What is IBC doing to help?
All non-grandfathered plans will now include 100 percent coverage for preventive services. For small employers, Independence Blue Cross recently introduced Blue Solutions, a new suite of products that comply with health care reform and are designed specifically for the needs of small employers.

Where can I learn more?
Blue Solutions

Coverage for Preventive Services

Extension of coverage for dependents to age 26 (effective October 1, 2010)

What is the extension of health care benefits for dependents to age 26?
Generally, all group plans that offer dependent coverage must make that coverage available until the dependent’s 26th birthday, regardless of the dependent’s marital or student status.
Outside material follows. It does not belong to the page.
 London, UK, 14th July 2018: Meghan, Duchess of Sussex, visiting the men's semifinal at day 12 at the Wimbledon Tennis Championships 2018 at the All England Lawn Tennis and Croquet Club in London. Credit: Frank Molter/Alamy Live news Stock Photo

As an exception to this general rule, until 2014, grandfathered group plans are not required to cover adult dependents if the adult dependent is eligible for coverage through the adult dependent’s employer.

What does it mean to me?
If your current plan includes dependent coverage, you will be able to keep/add dependents on your policy until they reach the age of 26. As discussed above, if you are a grandfathered plan you may not have to cover adult dependents to 26 if the adult dependent is eligible for coverage through the adult dependent’s employer.

When is coverage to 26 effective?
Check with your benefits administrator about when your extension of dependant coverage is effective. Generally, health care reform became effective for plan years that began on or after September 23, 2010. For most of Independence Blue Cross’s groups, health care reform, including coverage of dependents to 26, becomes effective when the group renews its coverage with IBC after September 23, 2010. For example, if a group renewed with IBC on October 1, 2010, health care reform, including coverage of dependents to 26, became effective on October 1, 2010. As another example, if a group renews with IBC on July 1, 2011, health care reform, including coverage of dependents to 26, will become effective on July 1, 2011.
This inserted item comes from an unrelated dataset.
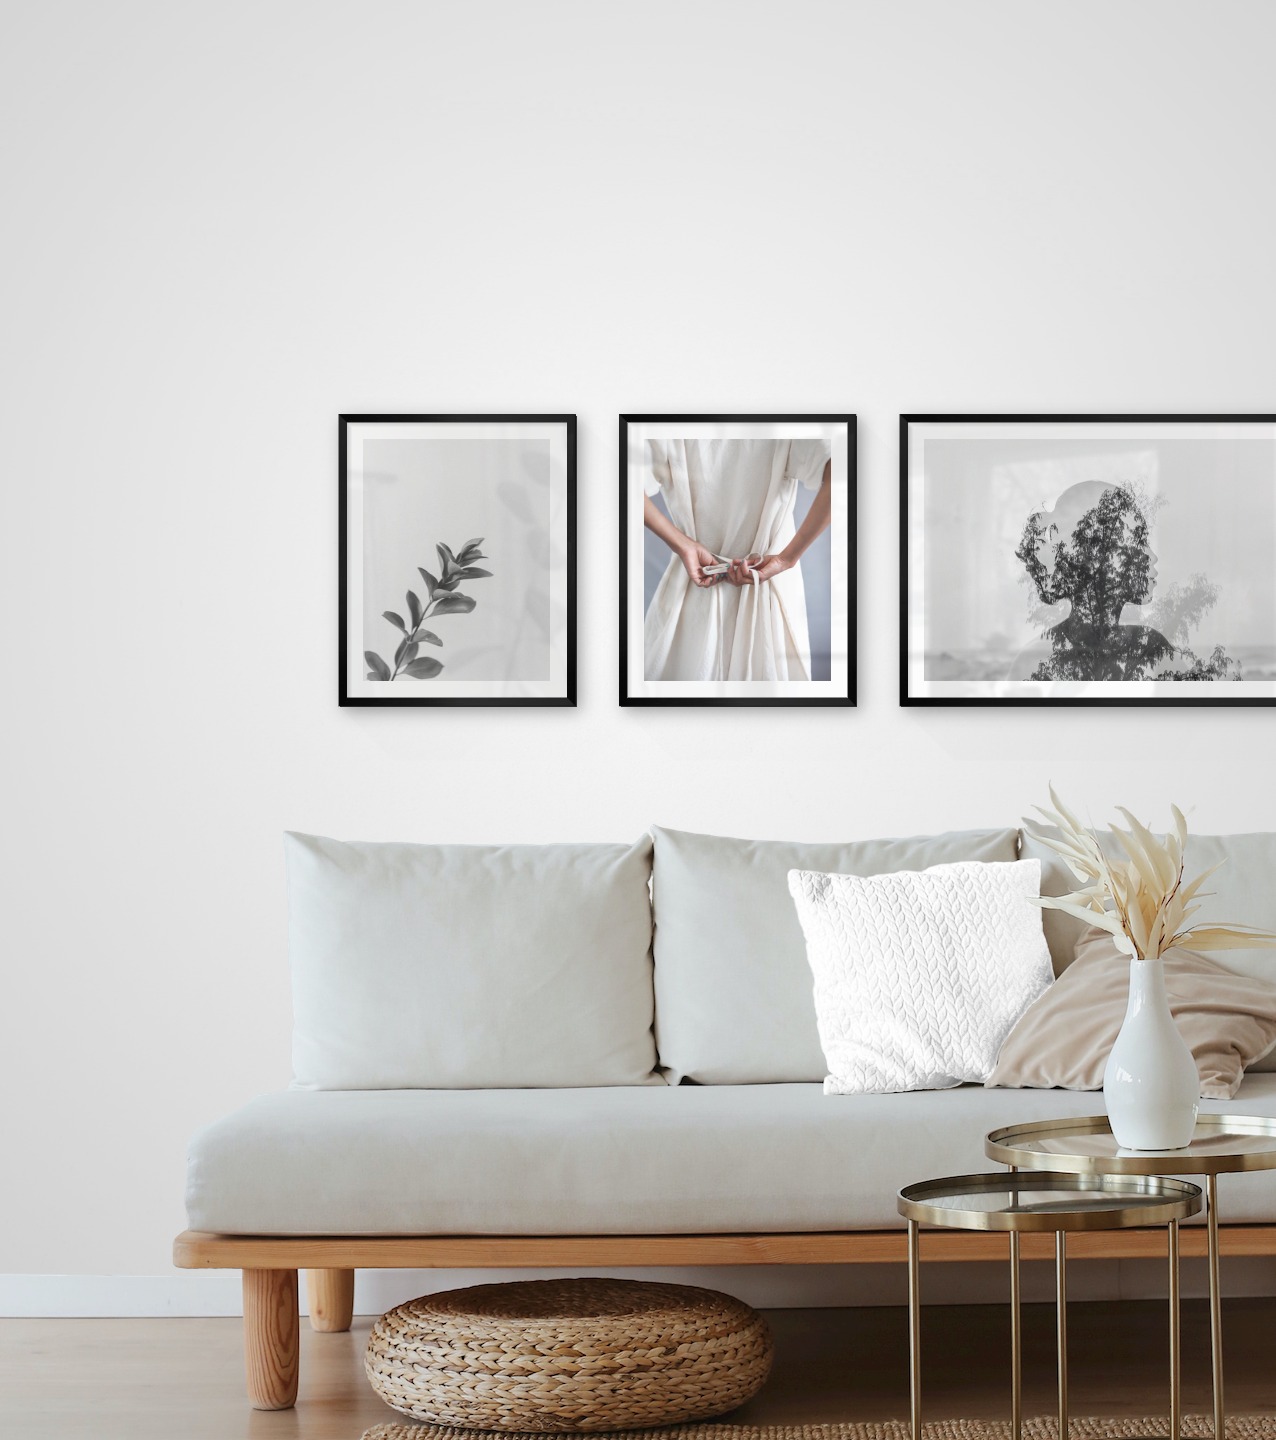 Gallery wall with picture frames in black in sizes 40x50 and 50x70 with prints "Twig", "Dress with waistband" and "Trees and silhouette"

How to reinstate your child’s coverage.
Individuals under the age of 26 who were denied coverage (or were not eligible for coverage), because of age or a change in student status, are eligible to reenroll in their health plan. Individuals may request enrollment for their dependent children for 30 days from the date of notice. Enrollment will be effective retroactively to the first day of the first plan year or the anniversary of the plan’s renewal beginning on or after September 23, 2010. For more information, contact your plan administrator.

Where can I learn more?
If you have an individual plan and have dependent children over age 26 in need of health insurance, be sure to visit ibx4you.com, or call 1-800-263-1410 for more information about our individual coverage options, or visit Dependent to age 26 FAQs.

If you are covered through your employer’s health plan, your benefits administrator can tell you when your plan renews and when your adult dependents can be added to your coverage.

Non-discriminatory plans (effective October 1, 2010)

What does the law say about nondiscriminatory plans?
Fully insured group plans are prohibited from establishing eligibility rules for coverage that favor highly compensated individuals. The benefits under such plans may not discriminate in favor of this group either. Grandfathered plans are exempt.

What does it mean to me?
Employers with non-grandfathered fully insured group health plans will need to make sure that their benefits plans comply with this provision beginning on the first renewal after September 23, 2010.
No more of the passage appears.